Habits and Lifestyle

Gonatopsis borealis is an oceanic speciesand it is one of the most widely distributed and abundant species of the family Gonatidae. It can be found in cold temperate waters, where it can occur from the surface to the mesopelagic zone, even reaching into the bathypelagic zone. It undertakes a diel vertical migration, moving up the water column at night, and for forming very large aggregations between the Spring and the early autumn, especially in both the eastern and western parts of its range.

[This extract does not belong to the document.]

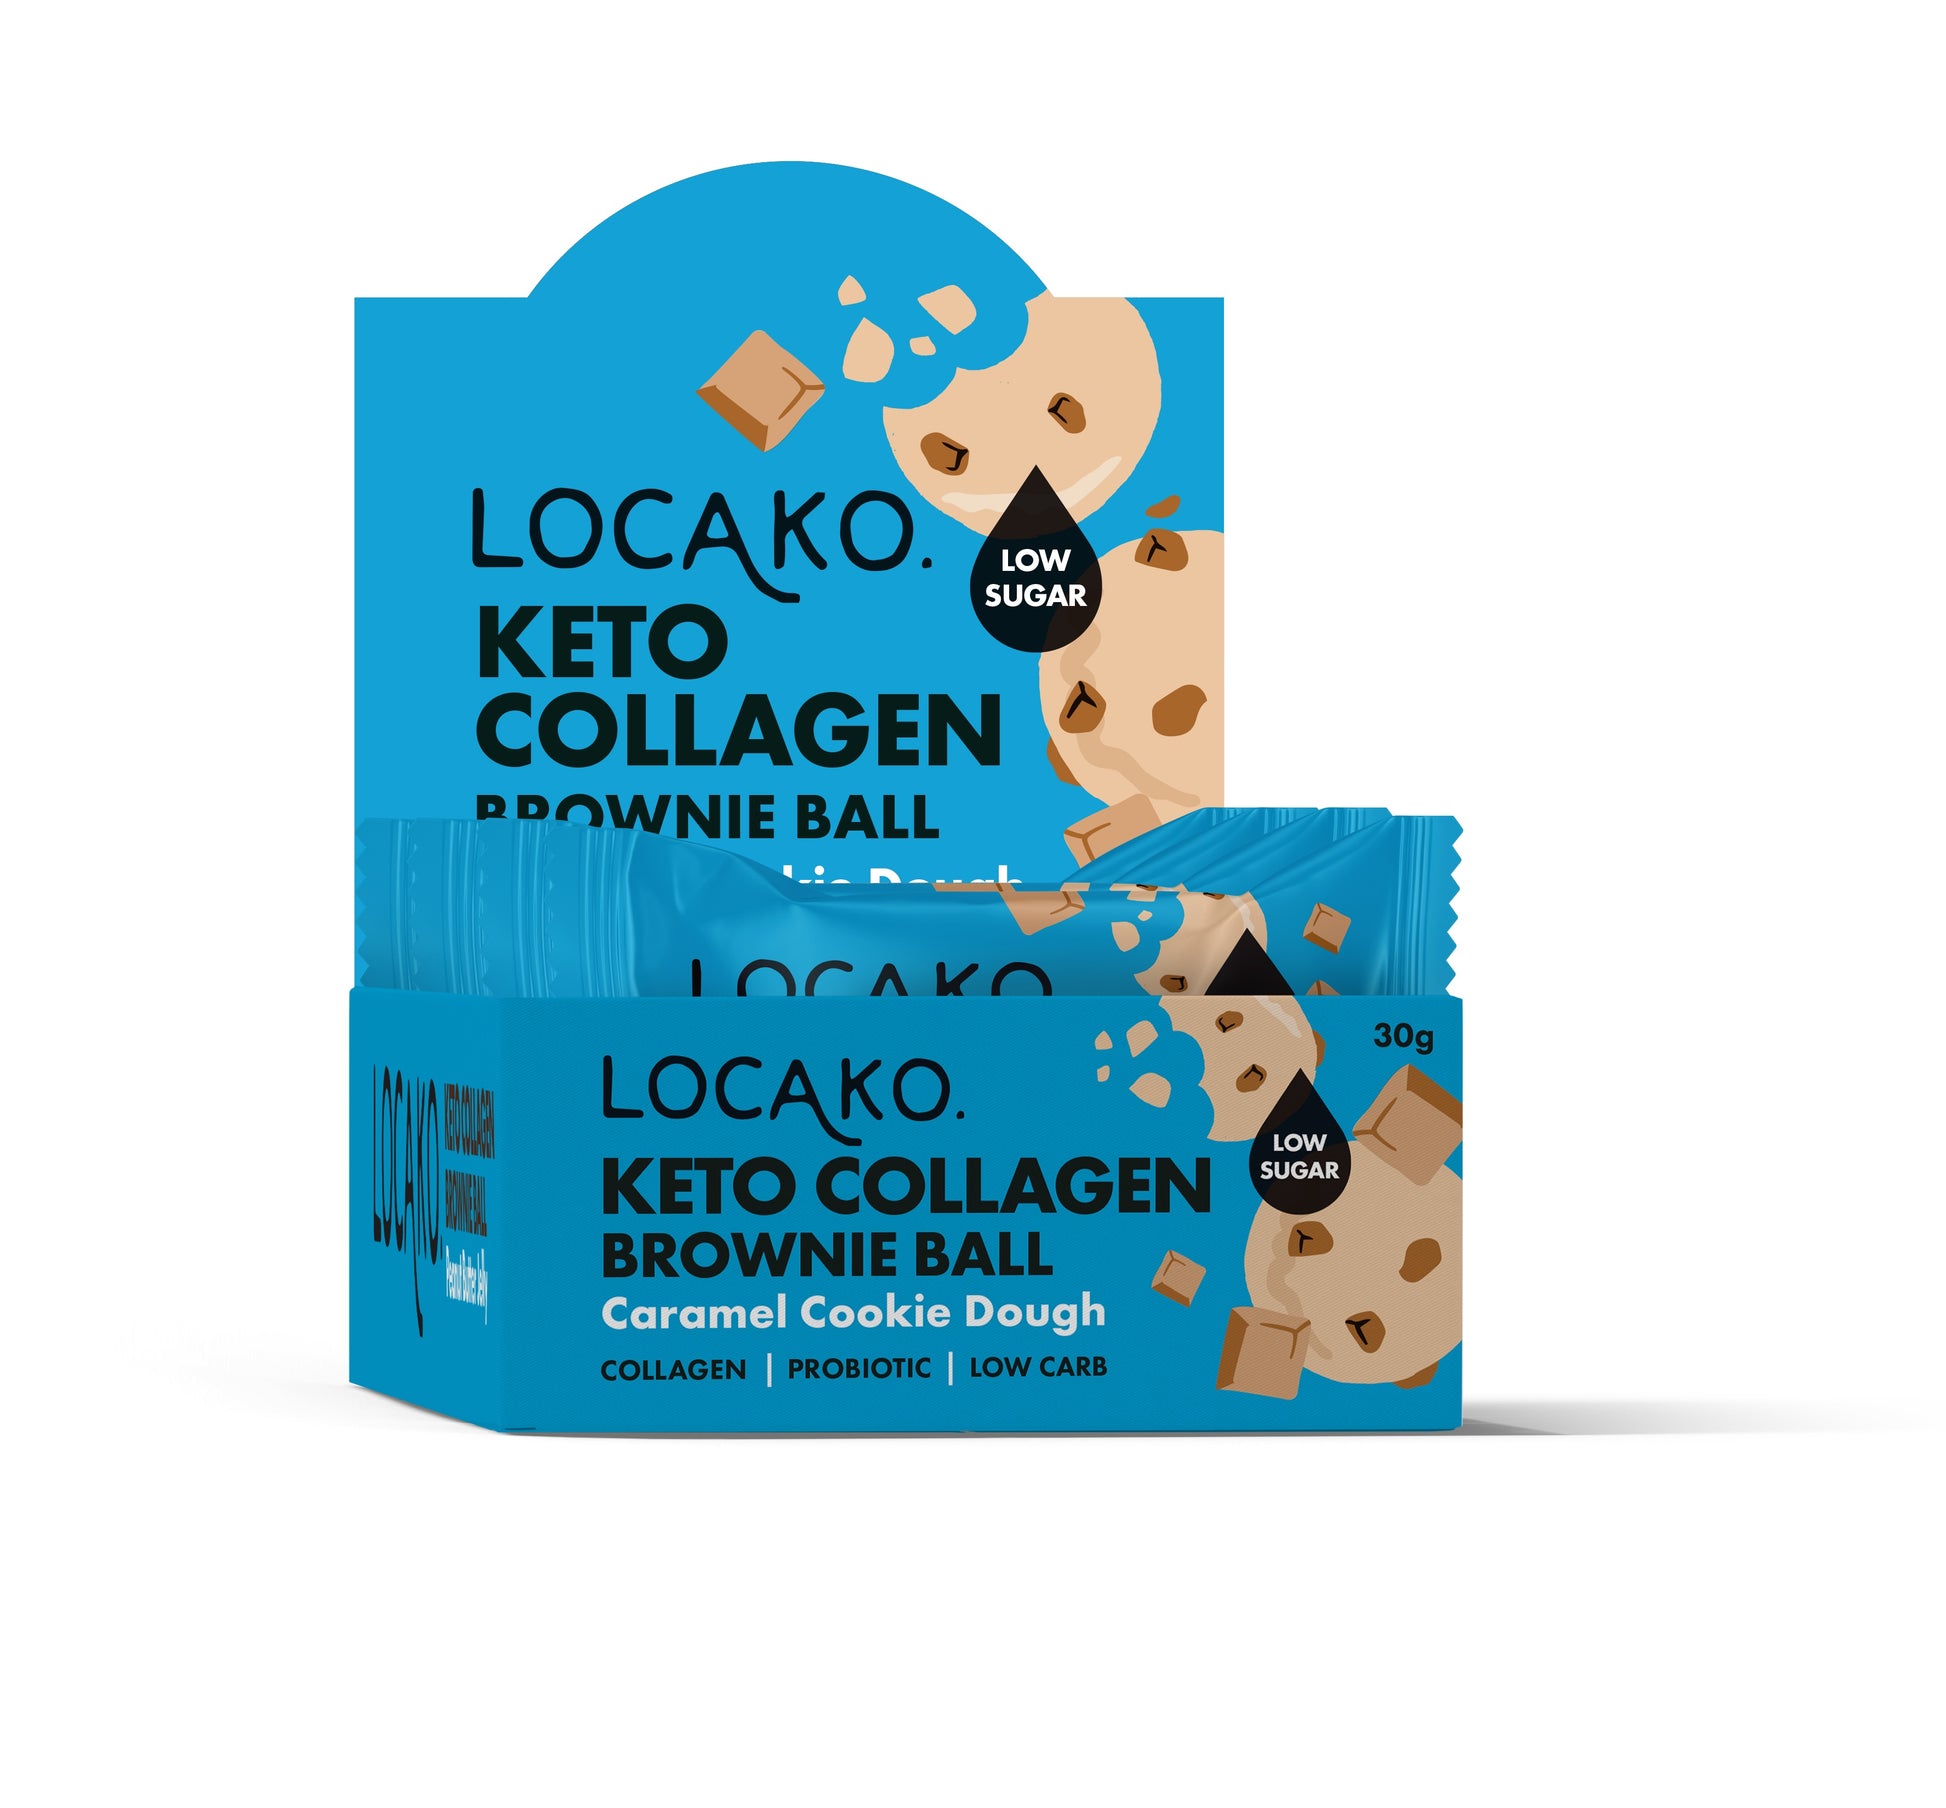 Keto Collagen Brownie Ball Caramel Cookie Dough 30g - Locako

The abundance of G. borealis is indicated by it accounting for up to 68% of squid catches in the Okhotsk Sea during the summer months. G. borealis is found in epipelagic, mesopelagic and bathypelagic depths from the surface to 1500m. It has a benthic habit at 200 to 1 375m, but it is most numerous in the midwater realm, with maximum abundance occurring at 300 to 500m, while only a few single specimens are caught below 1000 m (probably having been caught at much shallower depths while the open nets were retrieved through their zone of most abundance). Off California there were no specimens of any age recorded during the day at depth of less than 300m, and 90% of specimens collected during daylight were from 400 to 700m. By contrast, specimens occurred mainly at 100 to 500m, principally 300 to 400m at night. Smaller animals undertook the diel migration to the surface layers earlier than the larger ones. They also returned to depths sooner, possibly a behavioural adaptation to avoid the larger cannibalistic adults. This species preys on a diverse variety of pelagic crustaceans such as euphausiids, hyperiid amphipods and copepods, as well as fishes and other squid. They live for at least a year. Their predators include fish such as salmonids, walleye Pollock, pomfret, albacore and grenadiers, as well as the larger squid Berryteuthis magister and cannibalistic G. borealis. Other predators include seabirds, seals, sea lions, dolphins and toothed whales, such as sperm whale and pilot whales.